Require an admin token (roles includes "admin"). These routes skip ToS/Privacy plugs.

Users

  • GET /api/admin/users — paginated list (page_num/page_size)
  • PUT /api/admin/users/:id — update any user (email/username/password, roles including moderator, reset_password flag, approved IPs, preferences, addresses, phone numbers)
  • PUT /api/admin/users/:id/lock
  • PUT /api/admin/users/:id/unlock

Examples:

  • List users:
    curl -H "Authorization: Bearer ${admin_token}" \
      "http://localhost:4000/api/admin/users?page_num=0&page_size=10"
    
  • Lock a user:
    curl -X PUT -H "Authorization: Bearer ${admin_token}" \
      http://localhost:4000/api/admin/users/c0c7d53e-7a76-4f4f-9f1e-e5a0f6e9c8b1/lock
    
  • Update roles / force reset:
    curl -X PUT \
      -H "Authorization: Bearer ${admin_token}" \
      -H "Content-Type: application/json" \
      -d '{"user":{"roles":["admin","moderator"],"reset_password":true,"approved_ips":["1.2.3.4"]}}' \
      http://localhost:4000/api/admin/users/c0c7d53e-7a76-4f4f-9f1e-e5a0f6e9c8b1
    

Password Reset (Admin)

  • POST /api/admin/users/:id/reset_password — issue reset token (returns token + expiry)
  • PUT /api/admin/users/:id/reset_password/:token
  • PUT /api/admin/users/reset_password/:token

Issue token example:

curl -X POST -H "Authorization: Bearer ${admin_token}" \
  http://localhost:4000/api/admin/users/c0c7d53e-7a76-4f4f-9f1e-e5a0f6e9c8b1/reset_password

Response:

{
  "ok": true,
  "code": 200,
  "data": {
    "password_reset_token": "abcd1234",
    "password_reset_token_expires_at": "2025-01-02T12:00:00Z"
  }
}

Sessions (Admin)

  • GET /api/admin/sessions — paginated
  • DELETE /api/admin/sessions/:id

Logs (Admin)

  • GET /api/admin/logs — all logs, paginated
  • GET /api/admin/logs/:id
  • GET /api/admin/logs/users/:user_id — actions performed by user
  • GET /api/admin/logs/sessions/:session_id — actions performed by session
  • GET /api/admin/logs/who/:user_id — actions that targeted the user

Example (by user):

curl -H "Authorization: Bearer ${admin_token}" \
  "http://localhost:4000/api/admin/logs/users/c0c7d53e-7a76-4f4f-9f1e-e5a0f6e9c8b1?page_size=20"

Field Notes

  • Path parameters :id for users accept either UUID or username; nested user_id routes also allow current.
  • Roles supported: user, admin, moderator.
  • User payloads include email_verified, locked_at/locked_by, tos_accepted / privacy_policy_accepted, and acceptance event arrays; token_expired may appear on error payloads.
  • Gender is validated against the enumerated list in the OpenAPI spec (covers cis/trans/non-binary variants).
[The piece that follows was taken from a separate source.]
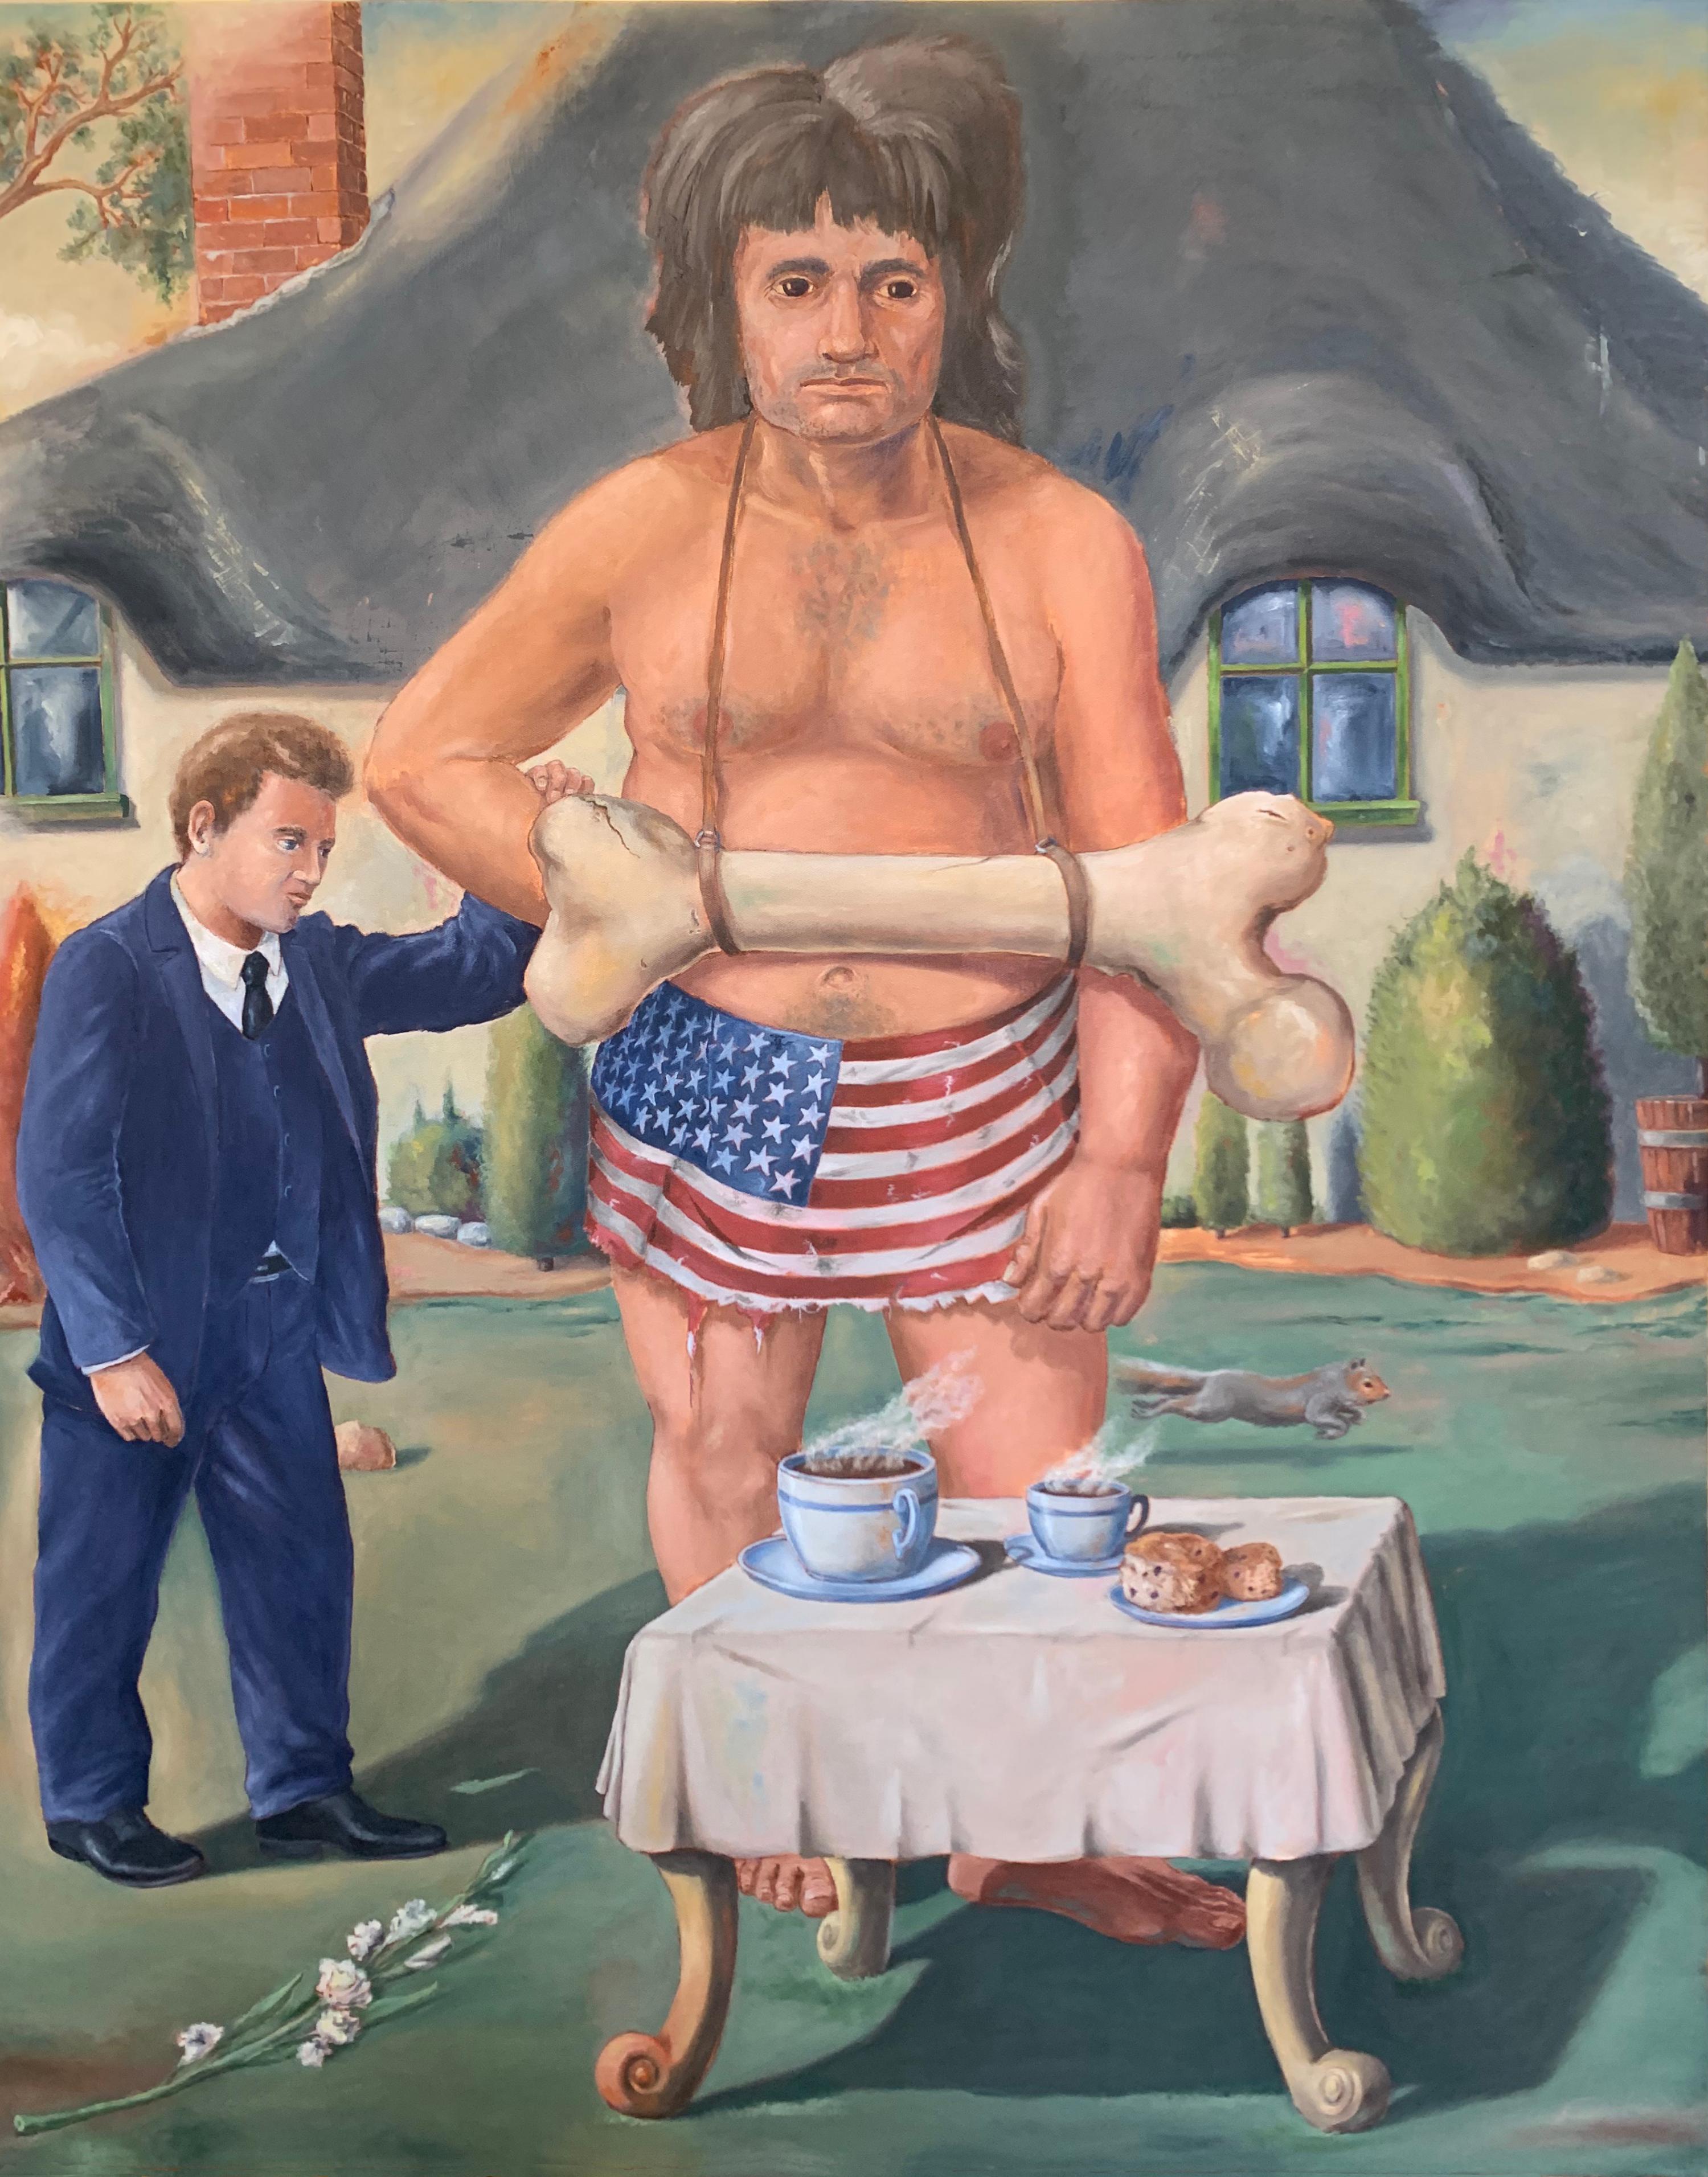 "TOUR GIANT", surrealist painting, American flag, bone, cottage, cups, storybook

Race is one of the five US census values; ethnicity is Hispanic/Not Hispanic.
  • Addresses require line_2; address/phone responses include primary and verified_at when set.
  • Session creation honors valid_only_for_ip and valid_only_for_approved_ips; if a user has approved_ips, login is constrained to those addresses even when the flag is false.
  • Session defaults: expires in 7 days, extendable window 28 days, max single extension 7 days. An absolute cap is configurable; lists of session extensions are ordered newest first.
  • Minimum password length defaults to 6 characters (MIN_PASSWORD_LENGTH).

For quick examples, see scripts/curl/ in the repo.